Purpose: : To determine whether peripapillary retinal nerve fiber layer (RNFL) thickness, as measured using scanning laser polarimetry (SLP), violates the ISNT rule in primary open angle glaucoma (POAG) and primary angle-closure glaucoma (PACG).

Methods: : Sixty-one patients with POAG, 61 patients with PACG, and 47 normal control patients were examined using SLP (GDx VCC). The peripapillary RNFL was divided into four sectors (superior, 32-122°; nasal, 122-238°; inferior, 238-328°; and temporal, 328-32°). The RNFL thickness in each sector was calculated and ranked to assess the ISNT rule. We also performed subgroups analysis based on disc size, which was measured and derived using the vertical and horizontal disc diameters shown on the GDx VCC printout after correcting for axial length.
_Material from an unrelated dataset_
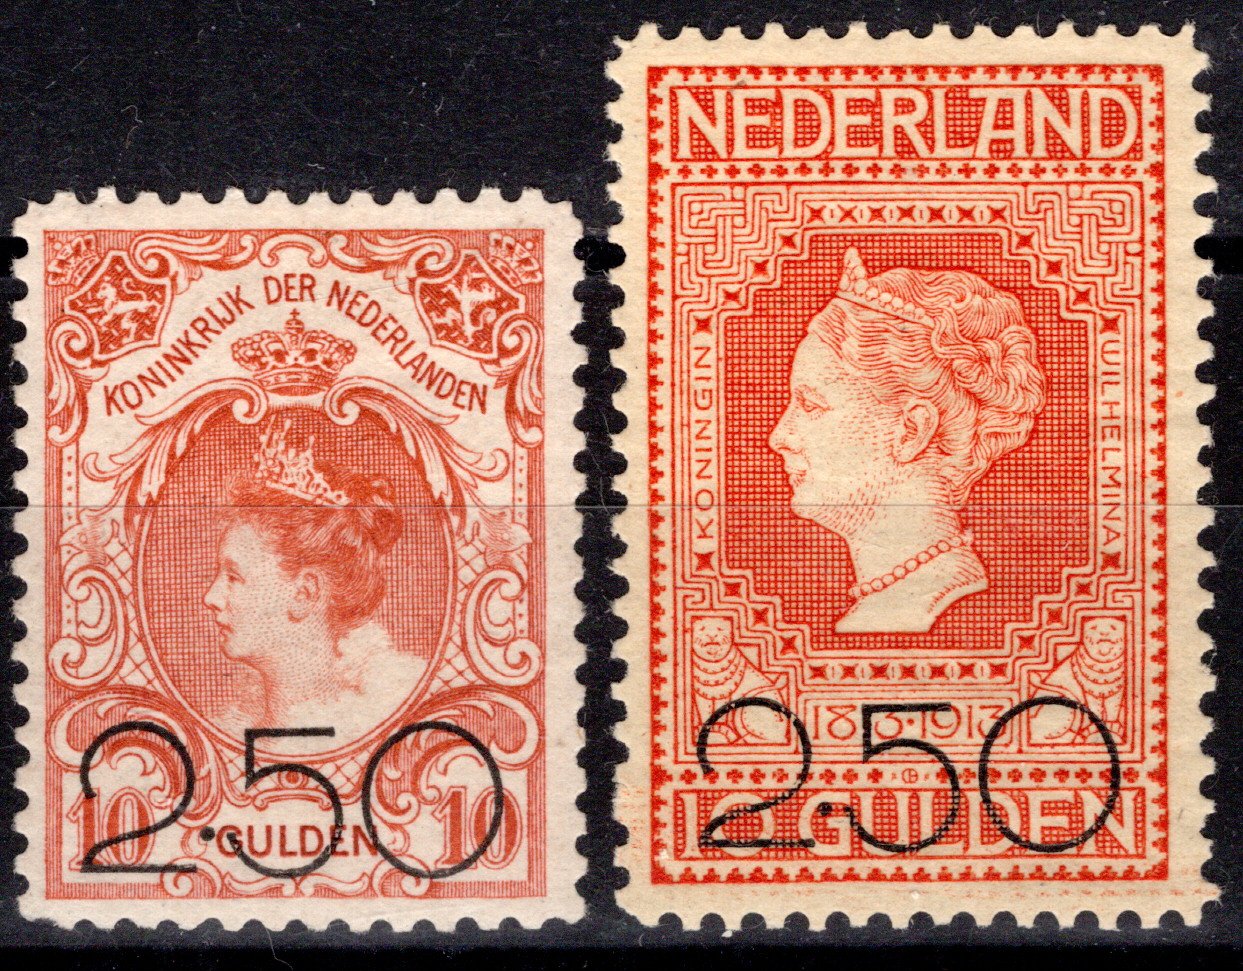 Lot 1097 - Netherlands & Colonies Netherlands -  Georg Bühler Briefmarken Auktionen GmbH Georg Bühler 336 auction

Results: : The visual field mean deviation was comparable between the POAG and the PACG group (-11.45 ± 8.90 dB vs. -11.46 ± 7.98 dB, P = 0.991). The ISNT rule was fulfilled in 53% of normal eyes and 32% of glaucoma eyes in this study. The proportion of subjects violating ISNT rule was similar in the POAG (68.8%) and the PACG group (67.2%) (P = 0.846). The subgroup analysis showed that PACG subjects with smaller disc size were more likely to violate the ISNT rule, compared to those with larger disc size (82.8% vs. 53.1%, P = 0.014). This disparity was not observed in the POAG group.

Conclusions: : The pattern of peripapillary RNFL loss with respect to the ISNT rule is similar between POAG and PACG eyes. In PACG eyes, the applicability of the ISNT rule based on peripapillary RNFL thickness in the differentiation of glaucomatous disc damage is affected by disc size.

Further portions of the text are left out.